The surveillance project is the world’s largest provision of high-definition video, with footage being provided to police at a central monitoring facility. A specification of the client was that cameras should give users the ability to track and zoom in on individuals or vehicles so that facial details and license plates could be observed. In response, Hikvision has supplied HD cameras that met the project requirements, delivering video with resolution of up to 1600x1200 pixels in real time.

The project is offering authorities a flexible monitoring solution by combining PTZ cameras with fixed units. In critical environments with complex optical demands such as entrances, public squares and crossroads where there is extra scope for accidents, the PTZ cameras have been preferred and are allowing management to track and zoom in on targets to acquire facial and license plate data. By contrast, the fixed cameras provide video of simple traffic flow scenes and everyday pedestrian movement for retrospective playback and retrieval.

Confronted on the ground with the client’s demands for image clarity, Hikvision used an HD-SDI interface in preference to the regular CVBS approach, combined with optic fibre for minimal delay. Police and facility managers can therefore exercise PTZ control from the back end with nominal time lag, the delay being less than 250 milliseconds.

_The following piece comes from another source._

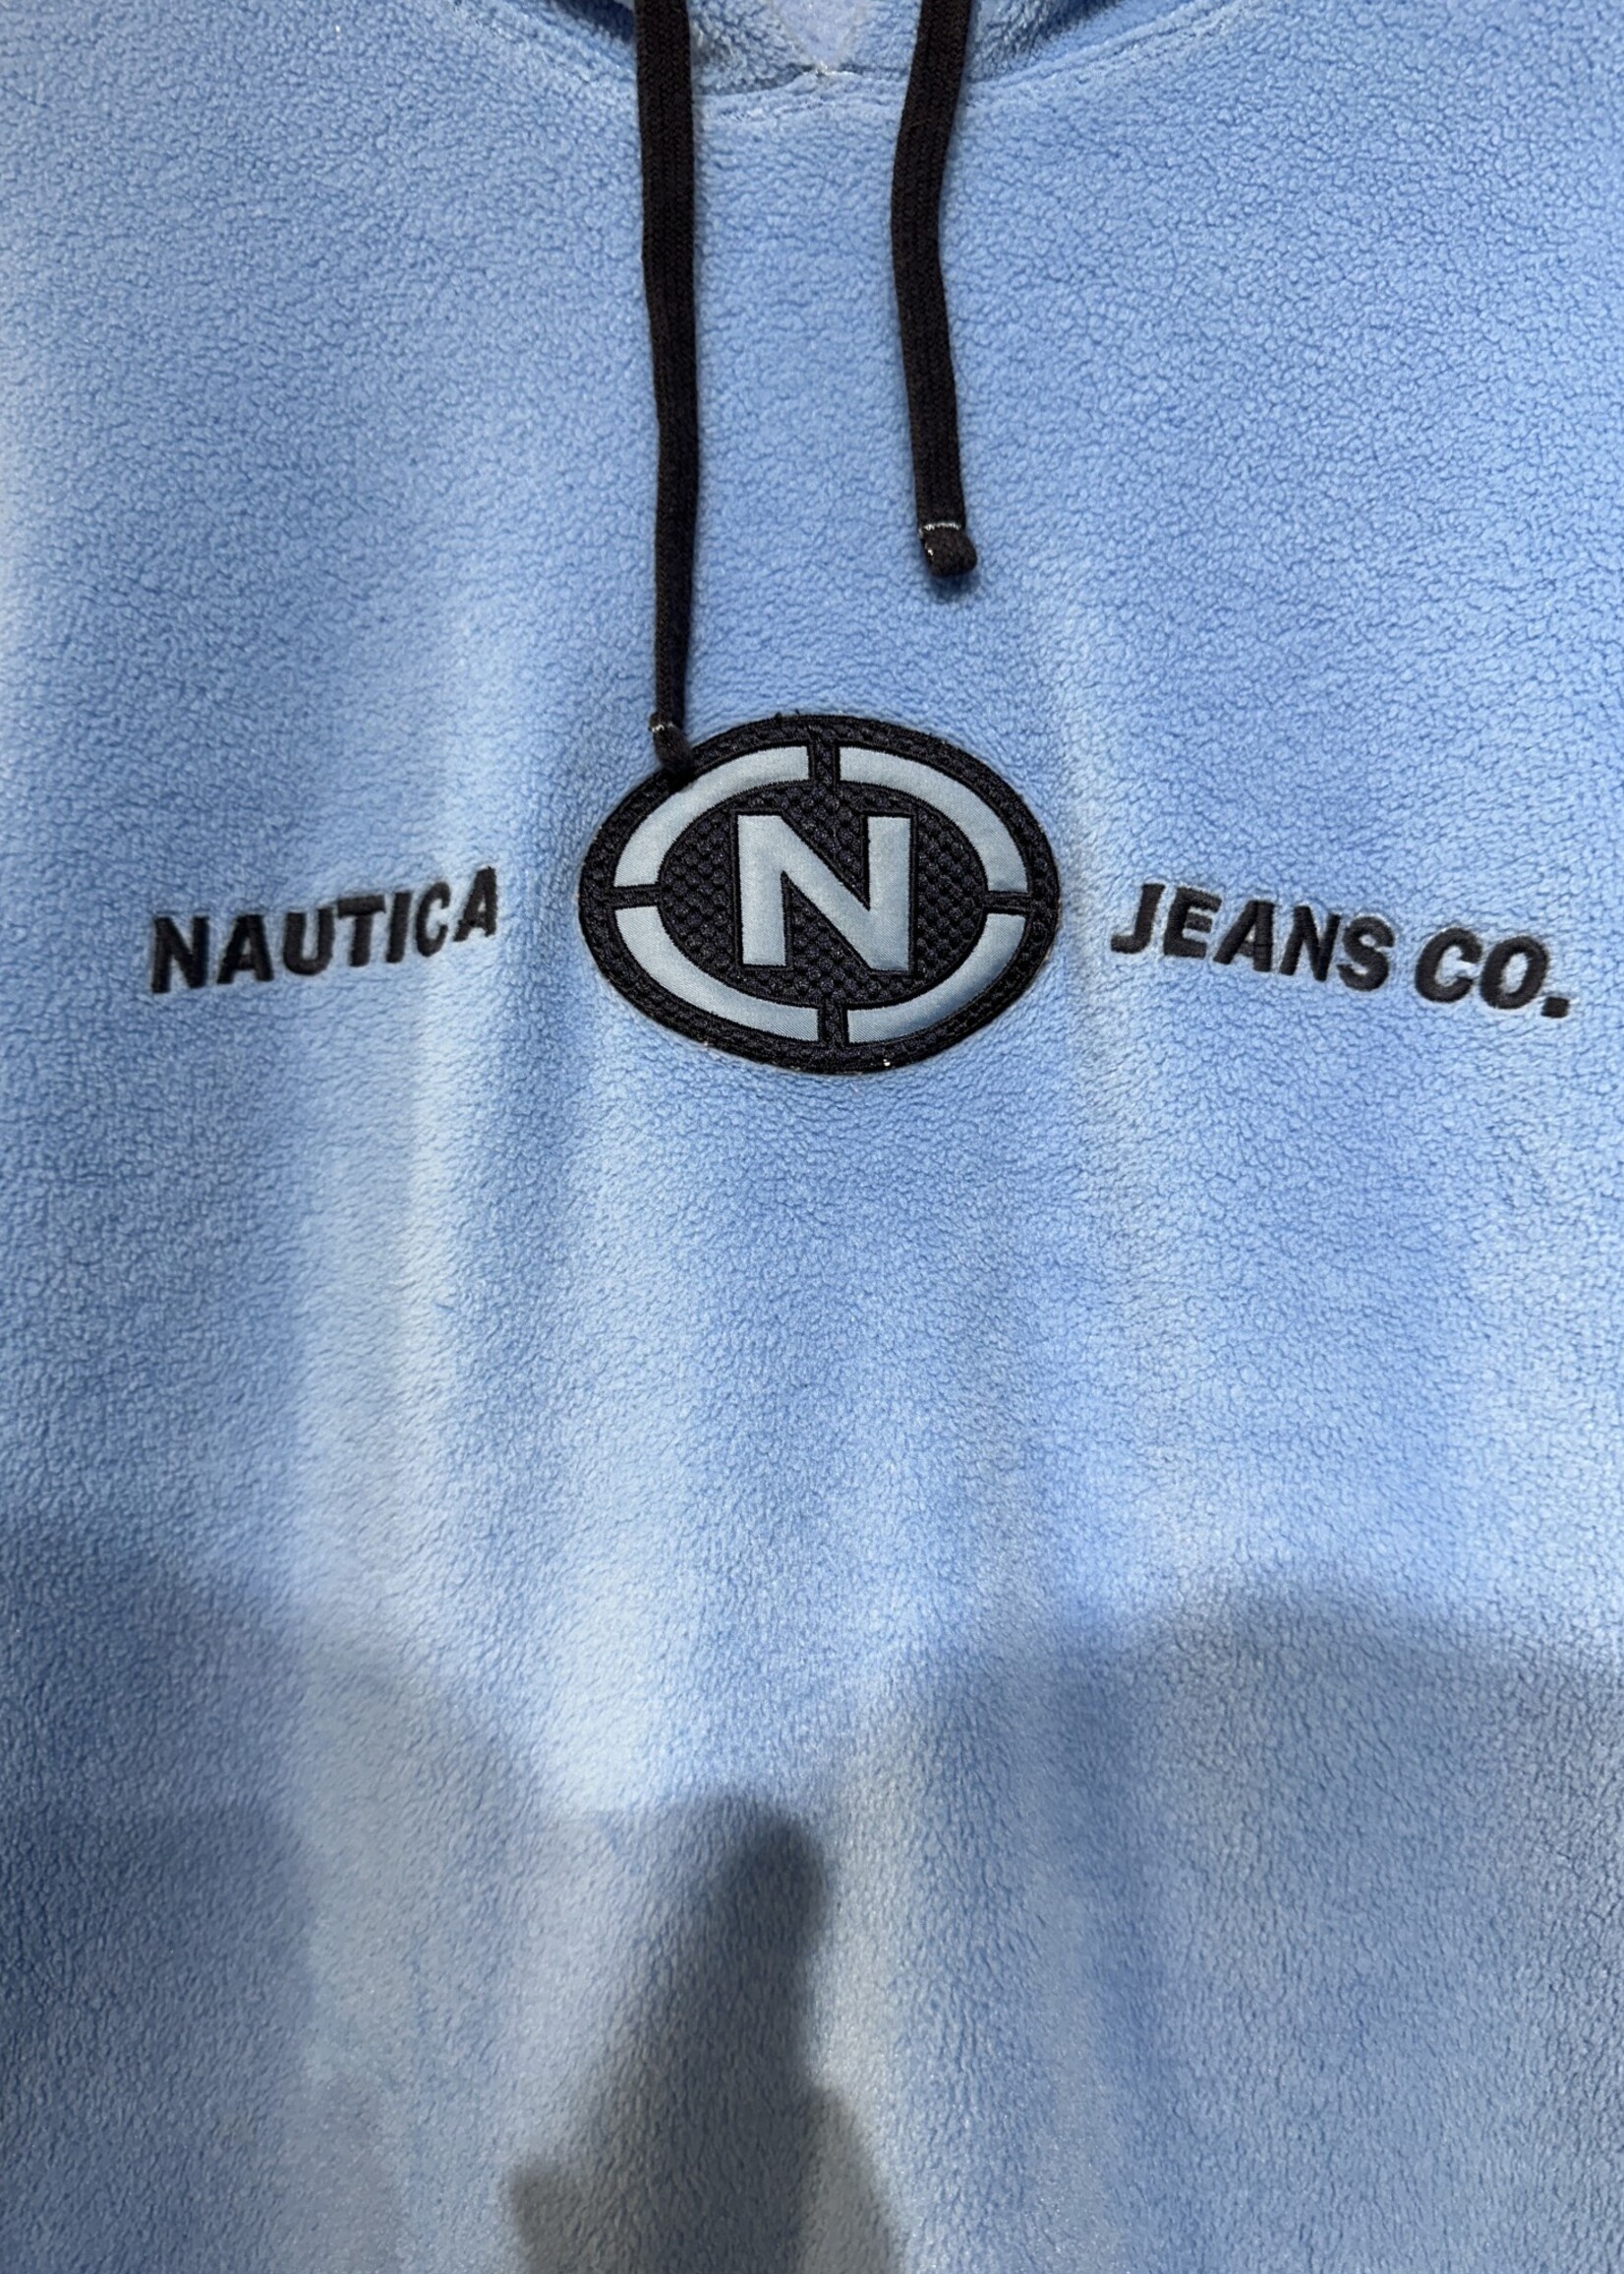 Nautica Jeans Vintage Oversized Blue Fleece Hoodie S

An underlying concept of the Expo is the ability of exhibiting nations to achieve better living conditions for their populations and more sustainable urban environments. Sub themes include the blending of diverse cultures, promotion of economic prosperity, scientific innovation and remodelling of city communities. The interaction between urban and rural areas is also discussed in many pavilions. Expo 2010 Shanghai China is the third largest even in the world in terms of economic and cultural impact, eclipsed only by the FIFA World Cup and the Olympic Games.

Mr Yangzhong Hu, President of Hikvision, said: "The theme of Expo 2010 Shanghai China is ‘Better city, better life.’ It is therefore fitting that the organisers have opted for a security product manufacturer who strives constantly for improvement.”

He continued: “The experience we drew on during this project, combined with R & D capability, allowed us to respond to a demanding brief. The installation demonstrates the lengths Hikvision will go to in order to address customers’ needs at infrastructure sites of this kind.”

In the past, major world trade expos have demonstrated inventions ranging from electric lighting to ice cream cones. The focuses of the Expo are diplomacy, commerce, technical innovation and cultural awareness, themes that have dominated trade fairs since London’s Great Exhibition of 1851. Above all, post-industrial nations are promoting their ecological credentials.